2016-09-26 Thread Warner Losh
On Mon, Sep 26, 2016 at 8:27 AM, Michael van Elst  wrote:
> i...@bsdimp.com (Warner Losh) writes:
>
>>NVMe is even worse. There's one drive that w/o queueing I can barely
>>get 1GB/s out of. With queueing and multiple requests I can get the
>>spec sheet rated 3.6GB/s. Here queueing is critical for Netflix to get to
>>90-93Gbps that our 100Gbps boxes can do (though it is but one of
>>many things).
>
> Luckily the Samsung 950pro isn't of that type. Can you tell what
> NVMe devices (in particular in M.2 form factor) have that problem?

I've not used any m.2 devices. These tests were raw dd's of 128k I/Os
with one thread of execution, so no effective queueing at all. As
queueing gets involved, the performance increases dramatically as the
drive idle time drops substantially. I'd imagine most drives are like
this for the workload I was testing since you had to make a full
round-trip from the kernel to userland after the completion to get the
next I/O rather than having it already in the hardware... Unless
NetBSD's context switching is substantially faster than FreeBSD's, I'd
expect to see similar results there as well. Some cards do a little
better, but not by much... All cards to significantly better when
multiple transactions are scheduled simultaneously.
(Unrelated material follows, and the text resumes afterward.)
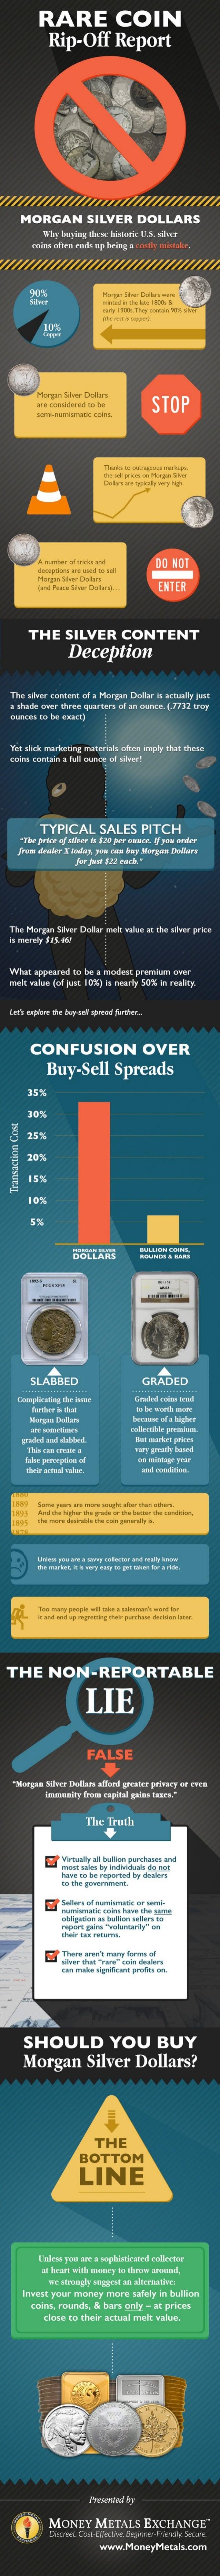 RARE COIN Rip-Off Report     Z&ZZQZZ2Z&Zozo0ZZQZ%ZZ2ZZ  MORGAN SILVER DOLLARS  Why buying these historic U. S. silver coin...

Just ran a couple of tests and found dd of 4k blocks gave me 160MB/s,
128k blocks gave me 600MB/s, 1M blocks gave me 636MB/s. random
read/write with 64 jobs and an I/O depth of 128 with 128k random reeds
with fio gave me 3.5GB/s. This particular drive is rated at 3.6GB/s.
This is for a HGST Ultrastar SN100. All numbers from FreeBSD. In
production, for unencrypted traffic, we see a similar number to the
deep queue fio test. While I've not tried on NetBSD, I'd be surprised
if you got significantly more than these numbers due to the round trip
to user land vs having the next request being present in the drive...

Warner


Re: FUA and TCQ

2016-09-26 Thread Michael van Elst
b...@softjar.se (Johnny Billquist) writes:

>Good point. In which case (if I read you right), it's not the reordering 
>that matters, but the simple case of being able to queue up several 
>operations, to keep the disk busy.

For sequential reading we are currently limited to 8 operations in
flight (uvm readahead). This is less an issue for local disks, but
it has a big impact on ISCSI. But it also makes reading through the
filesystem faster than reading from the raw disk device.

-- 
-- 
Michael van Elst
Internet: mlel...@serpens.de
"A potential Snark may lurk in every tree."


Re: FUA and TCQ

2016-09-26 Thread Michael van Elst
i...@bsdimp.com (Warner Losh) writes:

>NVMe is even worse. There's one drive that w/o queueing I can barely
>get 1GB/s out of. With queueing and multiple requests I can get the
>spec sheet rated 3.6GB/s. Here queueing is critical for Netflix to get to
>90-93Gbps that our 100Gbps boxes can do (though it is but one of
>many things).

Luckily the Samsung 950pro isn't of that type. Can you tell what
NVMe devices (in particular in M.2 form factor) have that problem?

-- 
-- 
Michael van Elst
Internet: mlel...@serpens.de
"A potential Snark may lurk in every tree."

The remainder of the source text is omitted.